The association of β1‐AR Gly389 homozygote with OHT and the relationship between β2‐AR Arg16/Gly and OH risk disappeared after adjustment for conventional risk factors. Therefore, further studies are needed to determine the role of studied polymorphisms in orthostatic BP regulation in both men and women. In normotensive patients, no association was found between two β12‐AR polymorphisms and OH or OHT. Hypertension has been associated with increased risk of OHT and OH.44, 45 Together, with no differences of β12‐AR polymorphisms between hypertensive and normotensive patients, our results indicate that the impact of β1‐AR Arg389Gly polymorphism on OH might be predominant in hypertensive patients. The exact mechanism needs to be elucidated experimentally in the future.

Study Limitations and Strengths

Several limitations need to be mentioned. First, we did not replicate our results in another independent sample of hypertensive patients because the study sample size was large enough to have >80% statistical power to detect an association (at P=.05) with an odds ratio of 1.25 to 1.75 for alleles at 35% to 45% frequency. Also, Bonferroni correction decreased the possibility of a false‐positive result. Second, it might be helpful to investigate all polymorphisms in all genes encoding pathways of the SNS to further evaluate the genetic background of orthostatic BP dysregulation. However, more candidate genetic polymorphisms need to be analyzed in a larger sample cohort with higher prevalence of OH or OHT. Another limitation is the lacking description of heart rate during postural change in our study. In fact, we concurrently recorded a slight increase in heart rate (5–10 beats per minute) with a fall in BP upon arising within 1 minute, but the heart rate returned to the basic supine level after 2 minutes of standing. There are some method limitations to our heart rate monitoring. Heart rate was acquired intermittently together with BP measurement when using mercury column sphygmomanometry, not with continuous ECG heart rate monitoring, due to the large quantity of sample. This may introduce systemic error. Another explanation was that the arterial stiffness, aging, as well as hypertension may impair baroreflex sensitivity and contribute to orthostatic BP change.46, 47, 48, 49 Failure in heart rate response to postural change may also be caused by autonomic insufficiency, but autonomic functions were not tested in this study. Despite these limitations, our results in normotensive patients verified the reliability of our findings. Also, all participants were recruited from the same geographic area and had similar dietary style (including salt intake). This community‐based approach helped to avoid population stratification and minimize the influence resulting from variations in lifestyles from different areas in China.

Conclusions

Our results provide evidence for the involvement of β1‐AR in the genetic predisposition to orthostatic BP dysregulation in hypertensive patients, but not in normotensive patients.

Conflict of Interest

The authors declare that they have no conflict of interest

Supporting information

Table S1. The sequences of all primers and conditions for amplification.

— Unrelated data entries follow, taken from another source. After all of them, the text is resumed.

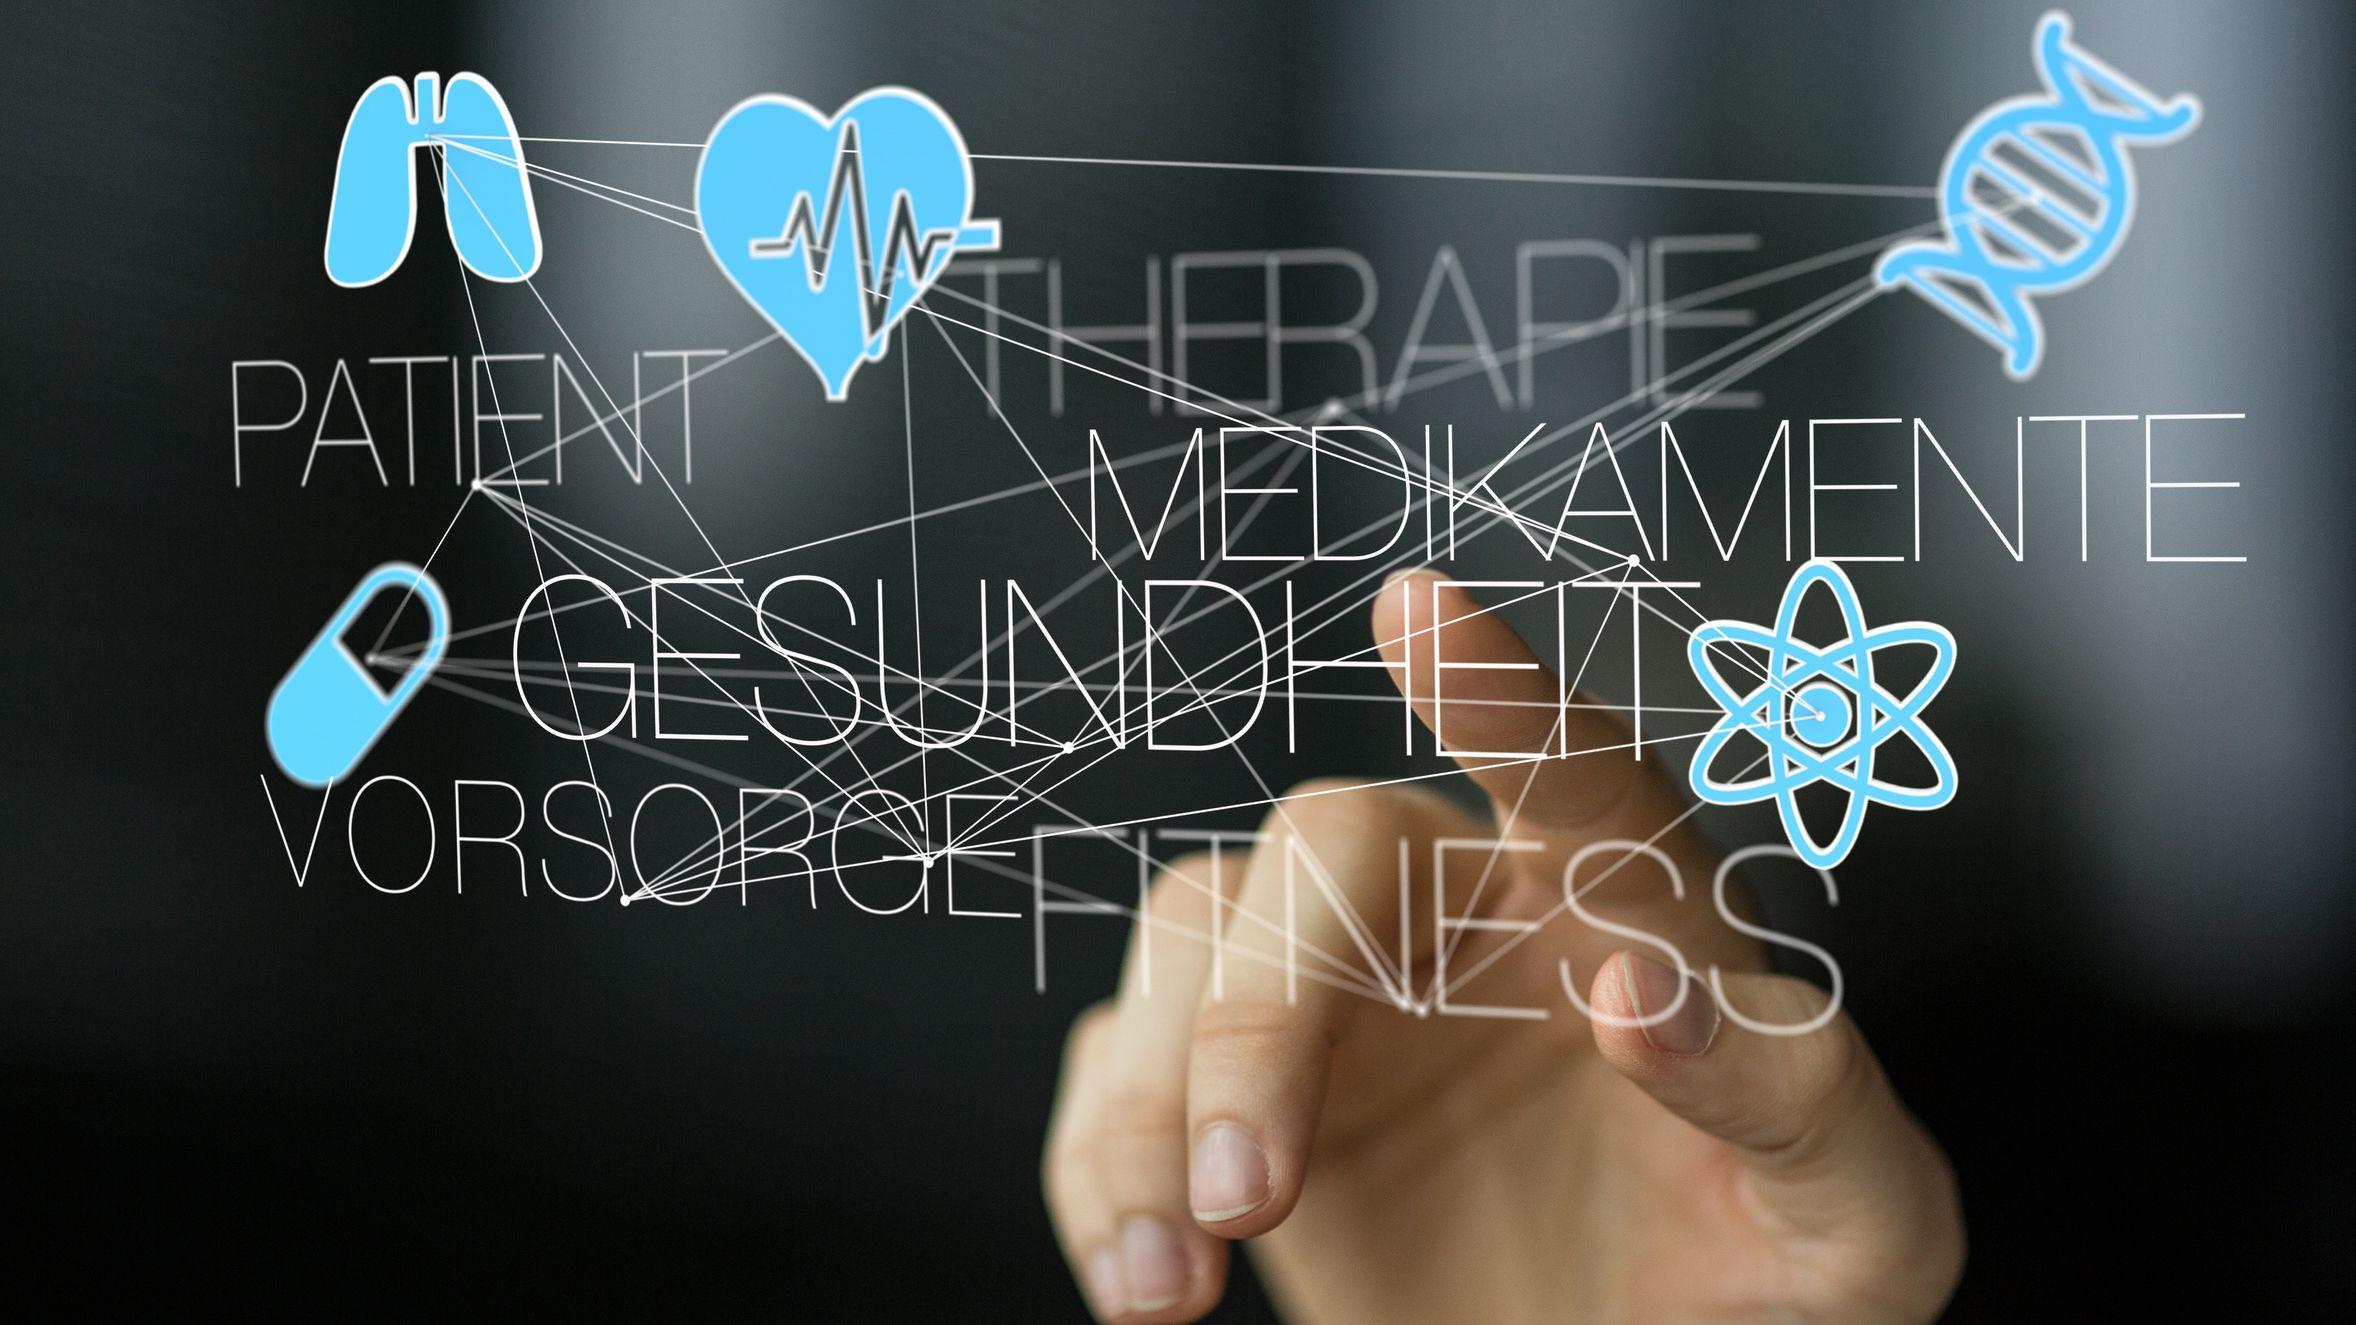 Die elektronische Patientenakte: Fort- oder Rückschritt für die Digitalisierung im Gesundheitswesen?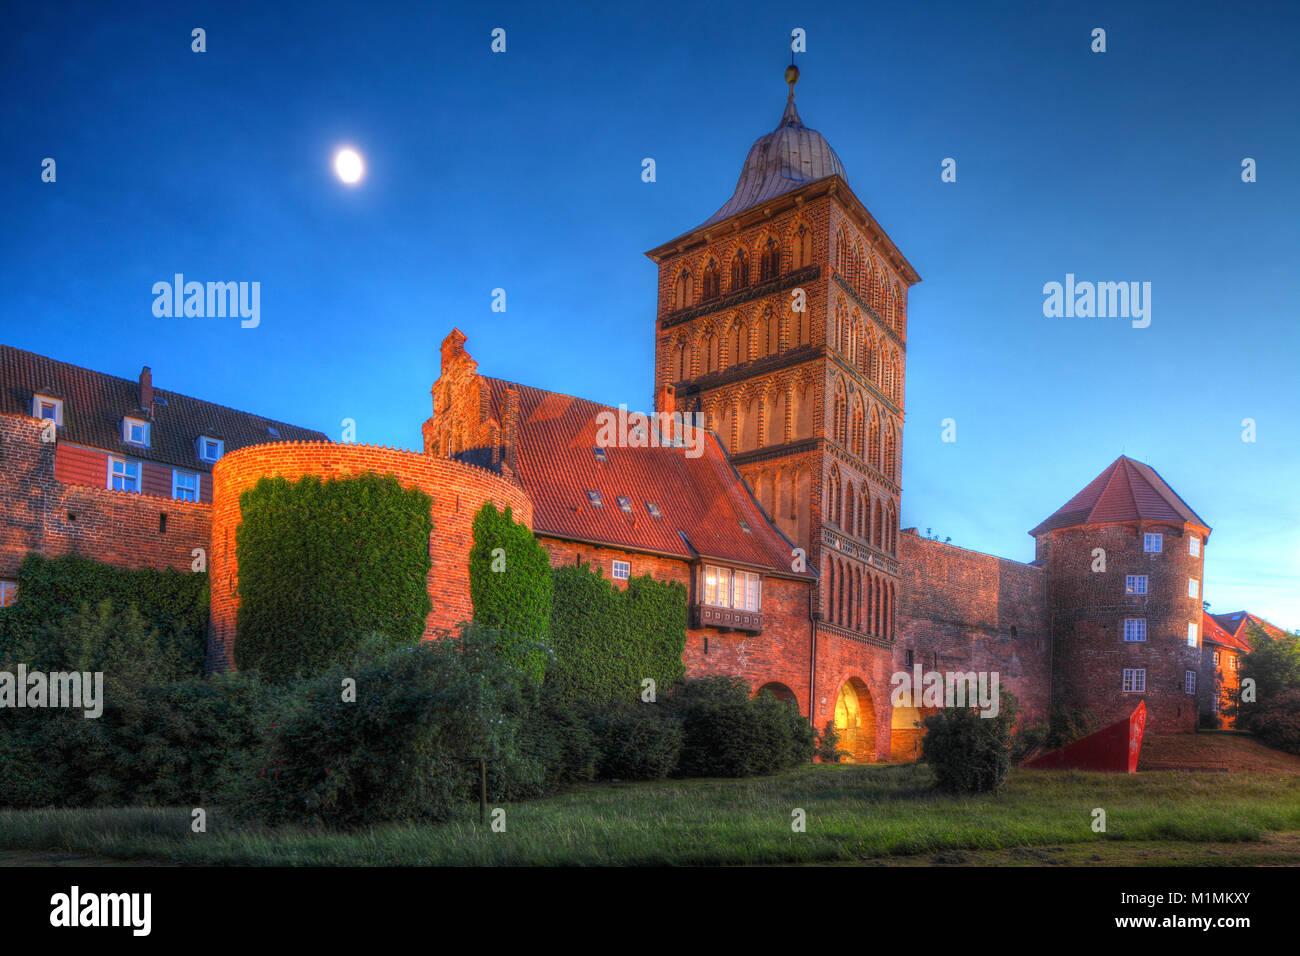 Alte Tor Burgtor in der Dämmerung, Lübeck, Schleswig-Holstein, Deutschland, Europa ich Burgtor, Luebeck, Stockbild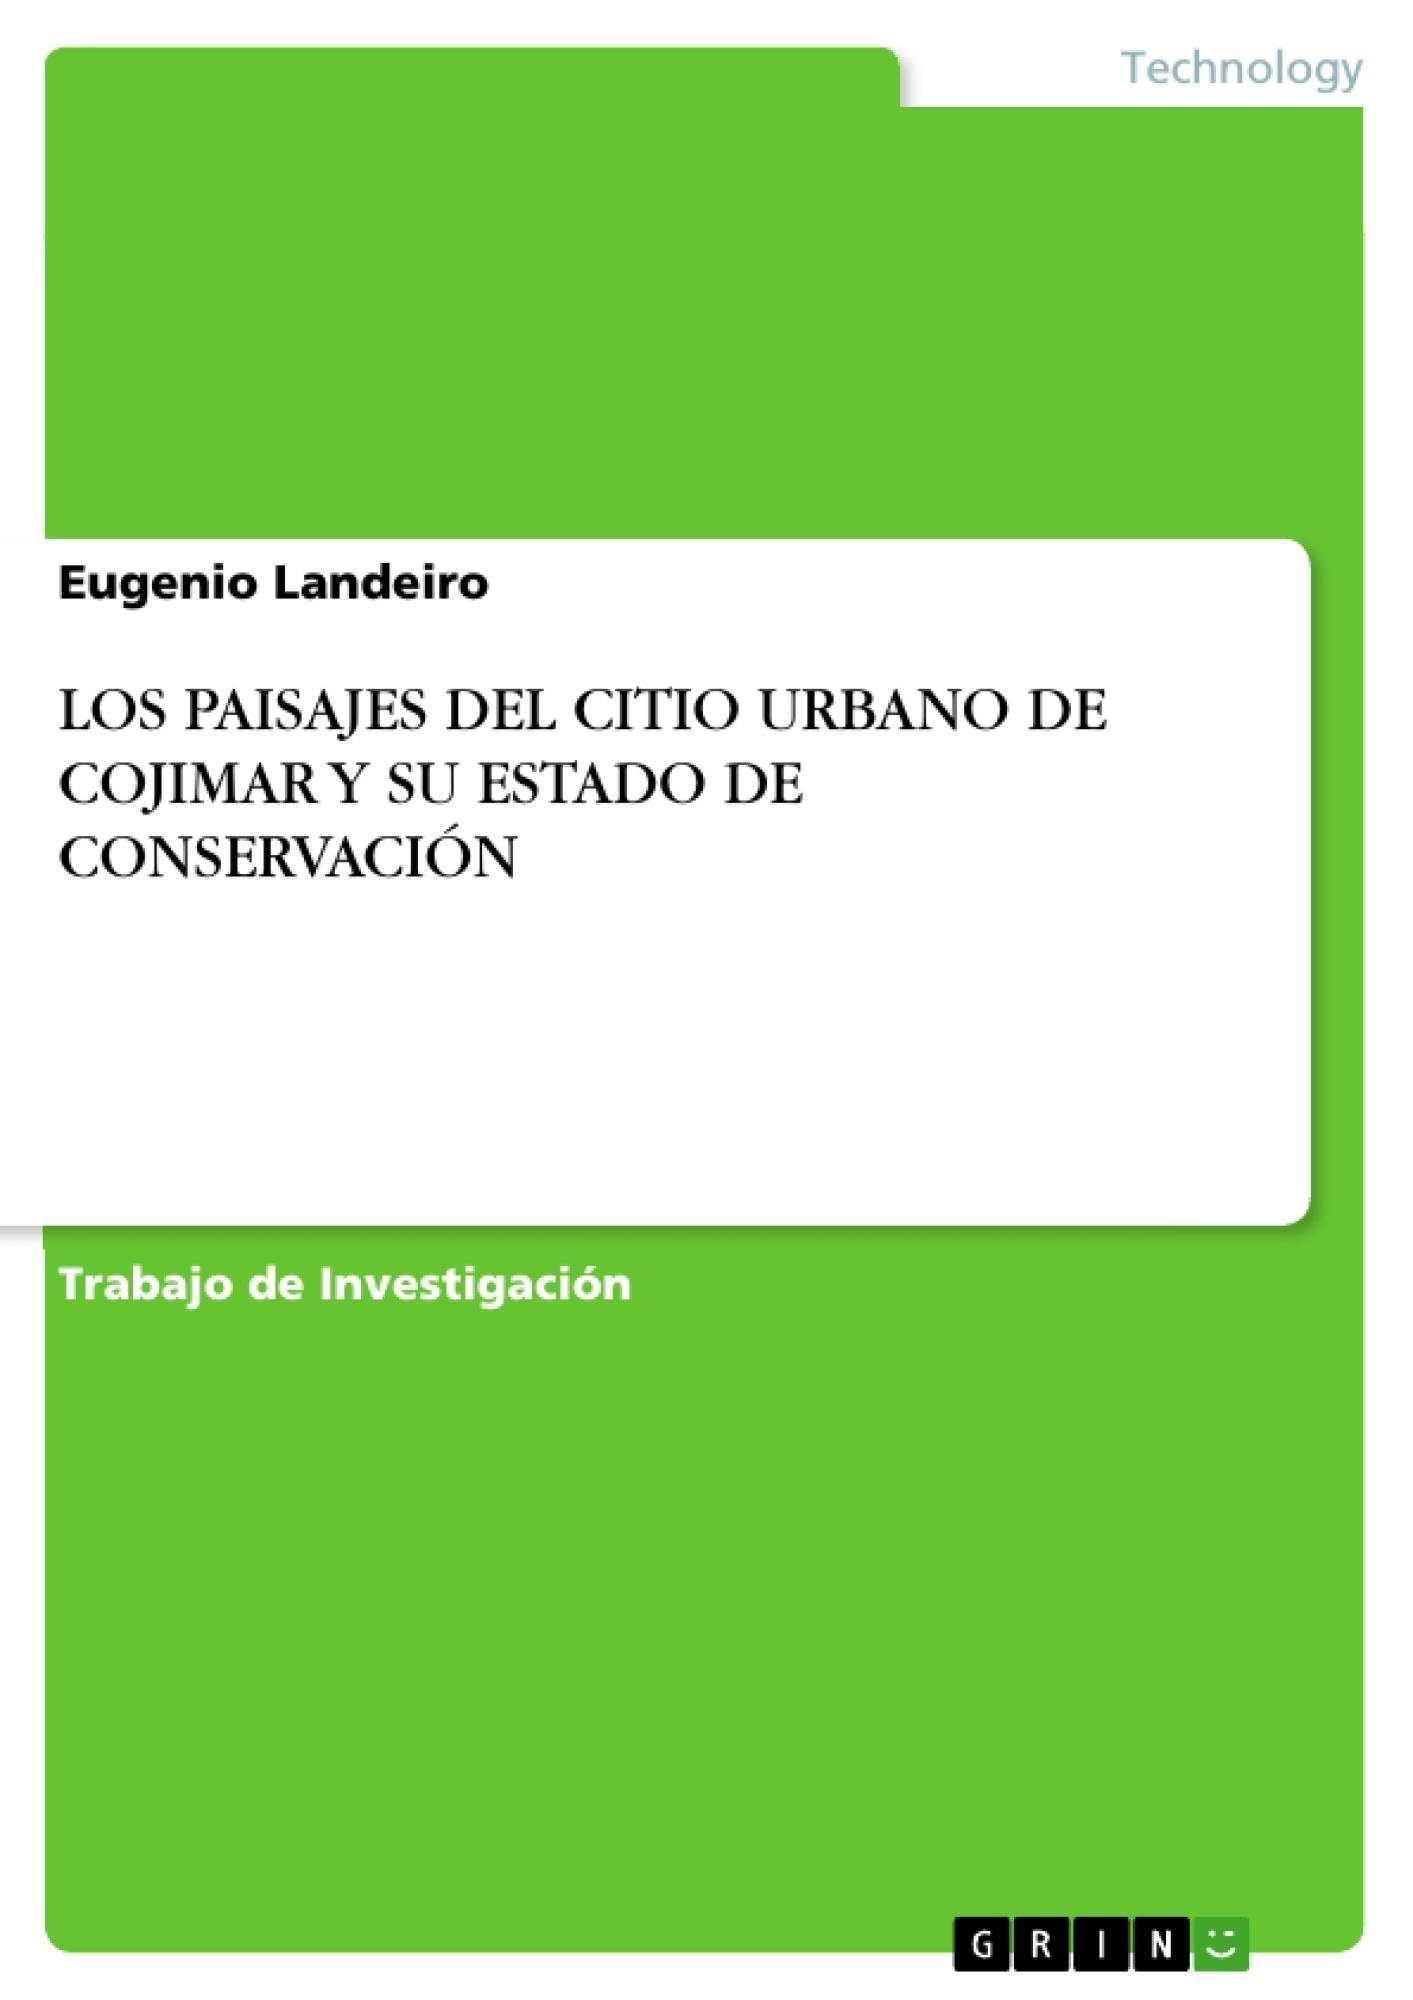 Título: LOS PAISAJES DEL CITIO URBANO DE COJIMAR Y SU ESTADO DE CONSERVACIÓN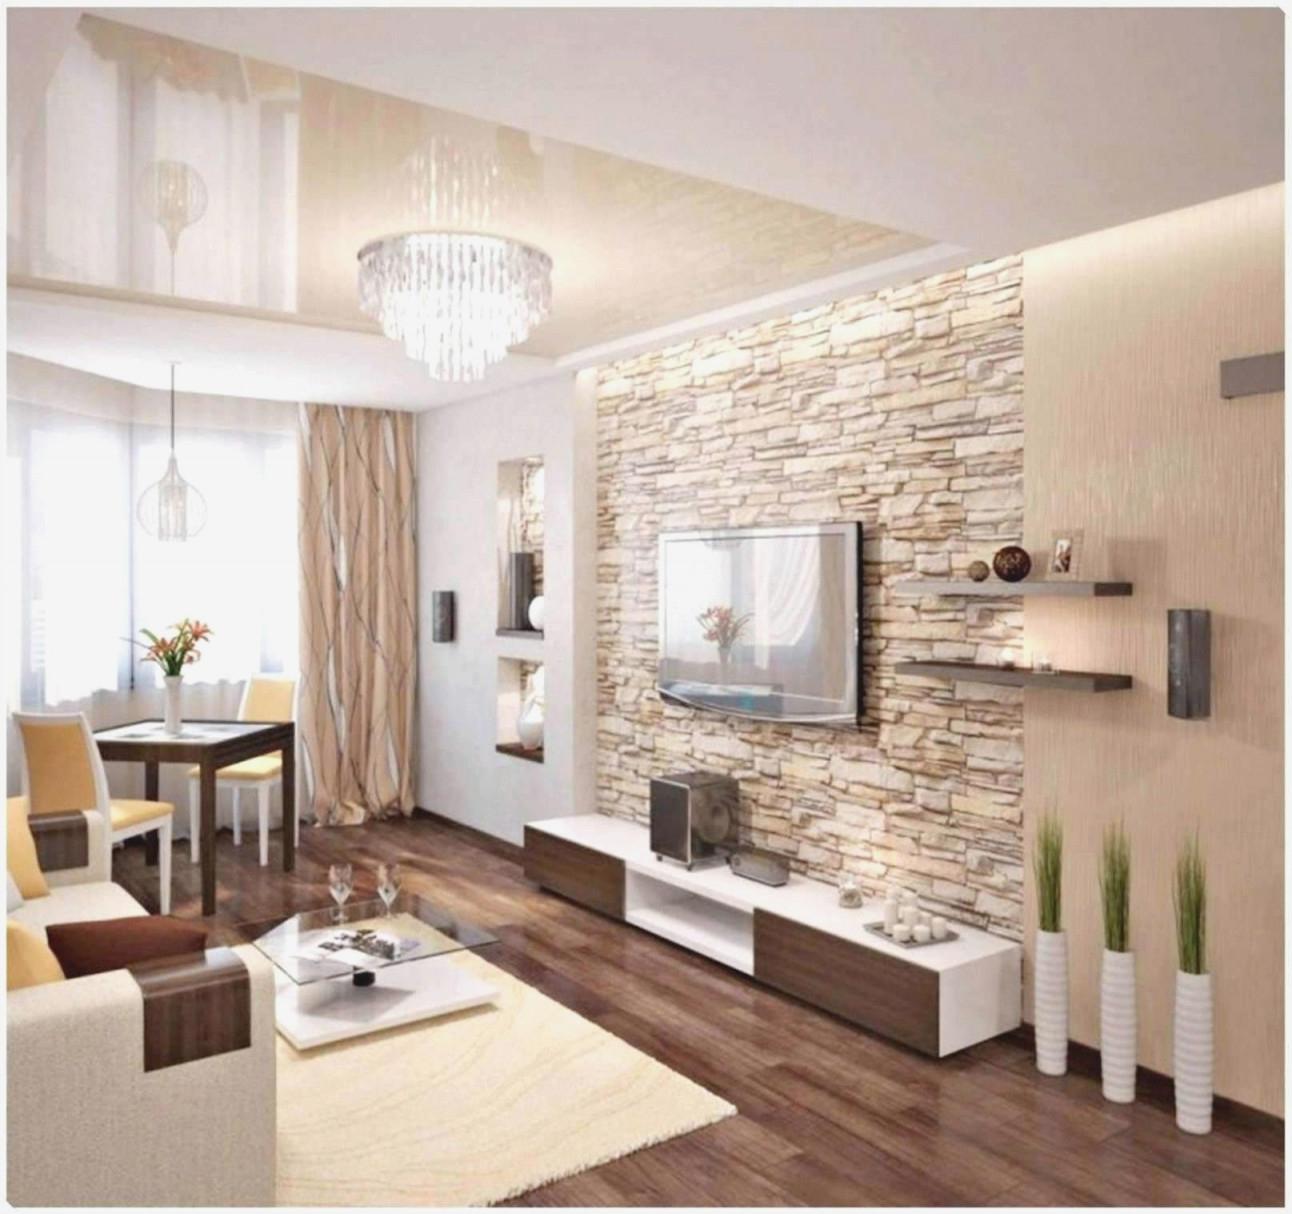 Feng Shui Einrichten Wohnzimmer Tipps  Wohnzimmer von Feng Shui Wohnzimmer Einrichten Photo

Table S2. Studied genotypes in untreated hypertensive patients and normotensive patients.

Click here for additional data file. (17KB, docx)

Acknowledgments

We appreciate the cooperation of the patients and many investigators in the FuWai, Beijing Center and local clinical centers in XinYang, Henan Province. This work was supported by grant (30871054) from National Natural Science Foundation of China to Dr Fan Xiaohan and government funding from the National Twelfth Five‐Year Project to Dr Hui Rutai (2011BAI11B04).

J Clin Hypertens (Greenwich). 2014;16:207–213. ©2014 Wiley Periodicals, Inc.

References

  • 1. Freeman R, Wieling W, Axelrod FB, et al. Consensus statement on the definition of orthostatic hypotension, neurally mediated syncope and the postural tachycardia syndrome. Auton Neurosci. 2011;161:46–48. [DOI] [PubMed] [Google Scholar]
  • 2. Buddineni JP, Chauhan L, Ahsan ST, Whaley‐Connell A. An emerging role for understanding orthostatic hypertension in the cardiorenal syndrome. Cardiorenal Med. 2011;1:113–122. [DOI] [PMC free article] [PubMed] [Google Scholar]
  • 3. Shibao C, Biaggioni I. Orthostatic hypotension and cardiovascular risk. Hypertension. 2010;56:1042–1044. [DOI] [PMC free article] [PubMed] [Google Scholar]
  • 4. Mattace‐Raso FU, van der Cammen TJ, Knetsch AM, et al. Arterial stiffness as the candidate underlying mechanism for postural blood pressure changes and orthostatic hypotension in older adults: the Rotterdam Study. J Hypertens. 2006;24:339–344. [DOI] [PubMed] [Google Scholar]
  • 5. Yatsuya H, Folsom AR, Alonso A, et al. Postural changes in blood pressure and incidence of ischemic stroke subtypes: the ARIC study. Hypertension. 2011;57:167–173. [DOI] [PMC free article] [PubMed] [Google Scholar]
  • 6. Moretti R, Torre P, Antonello RM, et al. Risk factors for vascular dementia: hypotension as a key point. Vasc Health Risk Manag. 2008;4:395–402. [DOI] [PMC free article] [PubMed] [Google Scholar]
  • 7. Kario K, Eguchi K, Hoshide S, et al. U‐curve relationship between orthostatic blood pressure change and silent cerebrovascular disease in elderly hypertensives: orthostatic hypertension as a new cardiovascular risk factor. J Am Coll Cardiol. 2002;40:133–141. [DOI] [PubMed] [Google Scholar]
  • 8. Thomas RJ, Liu K, Jacobs DR Jr, et al. Positional change in blood pressure and 8‐year risk of hypertension: the CARDIA Study. Mayo Clin Proc. 2003;78:951–958. [DOI] [PubMed] [Google Scholar]
  • 9. Hirai FE, Moss SE, Klein BE, Klein R. Postural blood pressure changes and associated factors in long‐term type 1 diabetes: Wisconsin Epidemiologic Study of Diabetic Retinopathy. J Diabetes Complications. 2009;23:83–88. [DOI] [PMC free article] [PubMed] [Google Scholar]
  • 10. Fan XH, Wang Y, Sun K, et al. Disorders of orthostatic blood pressure response are associated with cardiovascular disease and target organ damage in hypertensive patients. Am J Hypertens. 2010;23:829–837. [DOI] [PubMed] [Google Scholar]
  • 11. Padmanabhan S, Newton‐Cheh C, Dominiczak AF. Genetic basis of blood pressure and hypertension. Trends Genet. 2012;28:397–408. [DOI] [PubMed] [Google Scholar]
  • 12. Wu JS, Yang YC, Lu FH, et al. Population‐based study on the prevalence and correlates of orthostatic hypotension/hypertension and orthostatic dizziness. Hypertens Res. 2008;31:897–904. [DOI] [PubMed] [Google Scholar]
  • 13. Shin C, Abbott RD, Lee H, et al. Prevalence and correlates of orthostatic hypotension in middle‐aged men and women in Korea: the Korean Health and Genome Study. J Hum Hypertens. 2004;18:717–723. [DOI] [PubMed] [Google Scholar]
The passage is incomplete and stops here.